To date, considerable research efforts have been made to discover novel organic dyes for DSSCs with indoor applications, leading to excellent results7,8,11,20. However, the traditional process for the development of new sensitizers is often based on trial-and-error protocols, which frequently turn out to be expensive and time-consuming. In this framework, data-driven approaches, such as Machine Learning (ML) techniques, can be considered a valuable strategy to accelerate the discovery of novel materials for optoelectronic applications. In particular, the use of ML techniques in combination with quantum chemical approaches based on state-of-the-art Density Functional Theory (DFT) methods was proven to be a successful methodology for predicting the performance of novel compounds in solar energy conversion devices22,23,24,25,26,27,28,29,30,31. Recently, several ML models have been built by implementing DFT data on electronic structures and energetics to predict the PCE of different kinds of solar cells23,24,25,26,32,33,34. For example, in the framework of DSSCs, Ju et al.25 reported a multiple linear regression model (MLR) combined with a hybrid genetic algorithm (GA) to predict the PCE values of N-annulated perylene (N-P) organic sensitizers. The results inspired them to design novel dyes of the same class. Still, N-P organic sensitizers with PCE > 13% have been discovered by Zhang et al.34 by combining DFT methods with three learners. Lu et al.26 implemented two GA-MLR quantitative structure-property relationship (QSPR) models with DFT calculations to design BODIPY-based sensitizers and predict their PCE values; Wen et al.23 merged the approach based on ML and DFT for the identification of novel organic dyes with the estimation of their synthetic accessibility.

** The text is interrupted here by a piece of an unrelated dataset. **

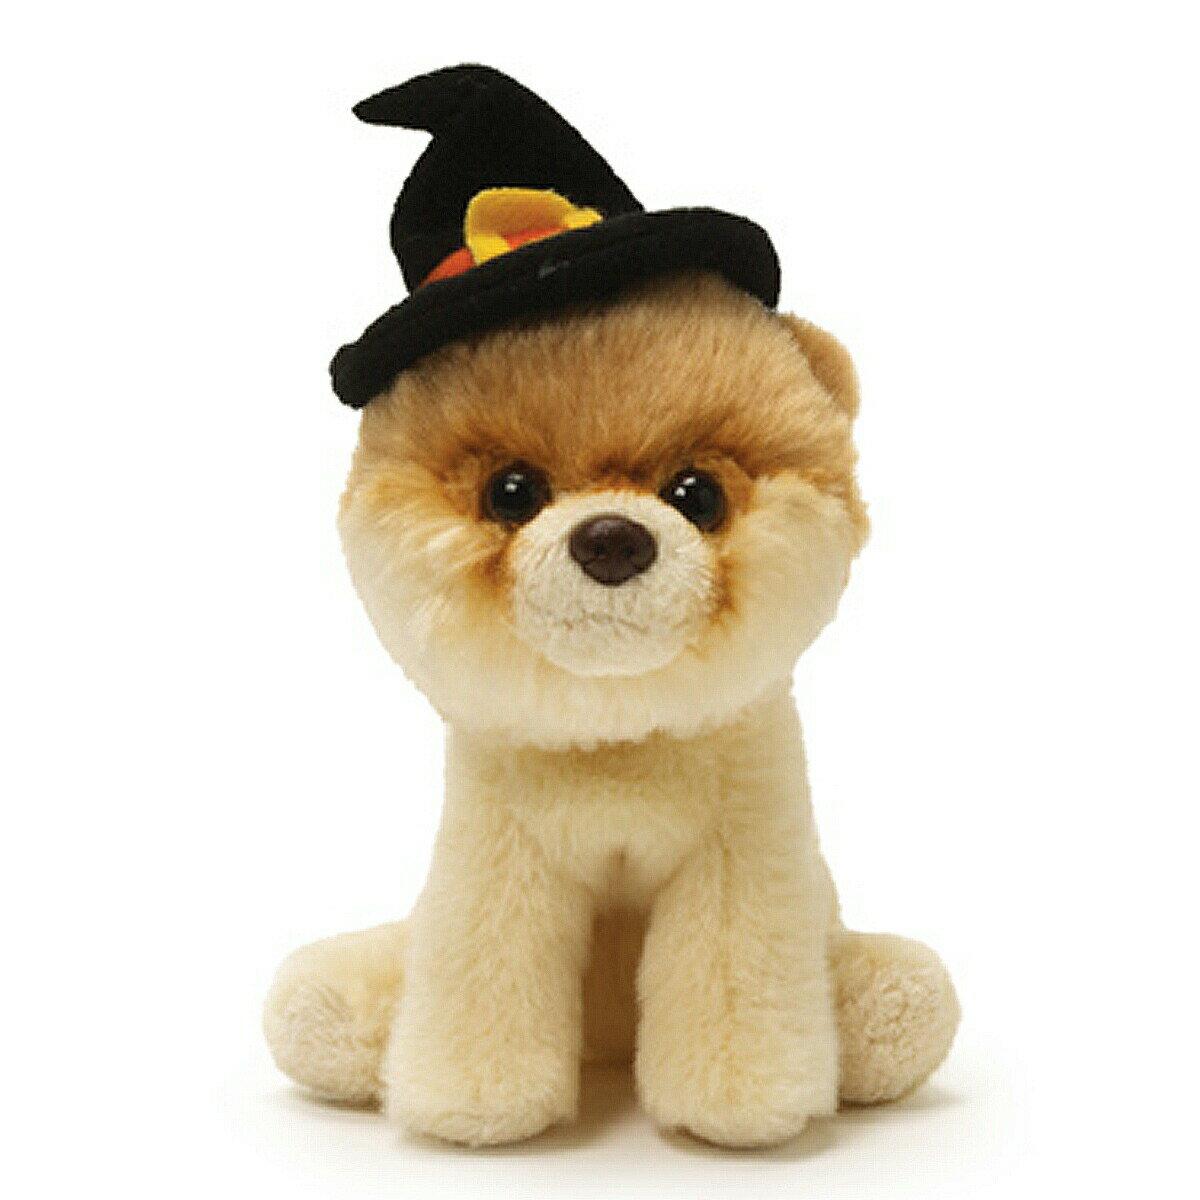 ガンド GUND Boo ハロウィン 4036170 魔女 帽子 ポメラニアン ぬいぐるみ 犬 グッズ いぬ Dog 人形 キッズ ベビー おもちゃ ギフト プレゼント 新品

However, to the best of our knowledge, this approach has never been applied to the discovery of novel organic dyes for indoor DSSCs’ applications. In this work, ML techniques and DFT methods have been combined for the first time in a two-stage approach to automatically design new organic dyes with D-π-A, D-π-A’-A, and D-A’-π-A architectures and predict their PCE in indoor DSSCs under different artificial lighting conditions. The flowchart of the employed strategy is reported in Fig. 1. Firstly, the structures of 61 organic dyes applied in indoor DSSCs with PCE > 3% have been collected from the literature. Their building blocks have been fragmented and recombined to generate novel dye candidates. Hence, a two-stage ML approach has been developed. More specifically, it is composed of Model A which relies on 1442 molecular descriptors and 2 experimental descriptors for preliminary screening, and Model B which includes 24 new descriptors from DFT calculations and 2 more experimental descriptors for second-stage screening. Moreover, as an important element in the design of novel dyes, the synthetic accessibility of the new candidates has been initially evaluated by calculating their SAscore parameter35. First, the two-stage ML model has been applied to D-π-A dye candidates with a restricted SAscore. Once the model has been satisfactorily assessed, it has been applied to all the D-π-A, D-π-A’-A, and D-A’-π-A candidates for PCE prediction, and their SAscores have been then computed. At this stage, the synthetic feasibility of the resulting top candidates has been more thoroughly evaluated by means of a dedicated retrosynthetic analysis. The approach presented here led to the prediction of three novel and potentially very efficient organic dye candidates for indoor DSSCs.
Results
Design of dye candidates
The chemical structures of the 61 collected dyes (Table S1) have been fragmented using the RDkit Python package (version 2023.09.5). Thus, 20 donor (D), 20 spacer (π), 11 auxiliary acceptor (A’), and 4 acceptor (A) building blocks have been obtained (Fig. 2). Then, they have been randomly combined via the RDkit Python package to automatically generate 2.000 D-π-A, 240.000 D-π-A’-A e 240.000 D-A’-π-A molecular structures. It should be noted that while this technique could lead to the generation of molecular structures that are permutations of existing ones, it offers a strategic method for exploring a wide chemical space and it has already successfully been used in the literature, even for the identification of novel dye candidates23.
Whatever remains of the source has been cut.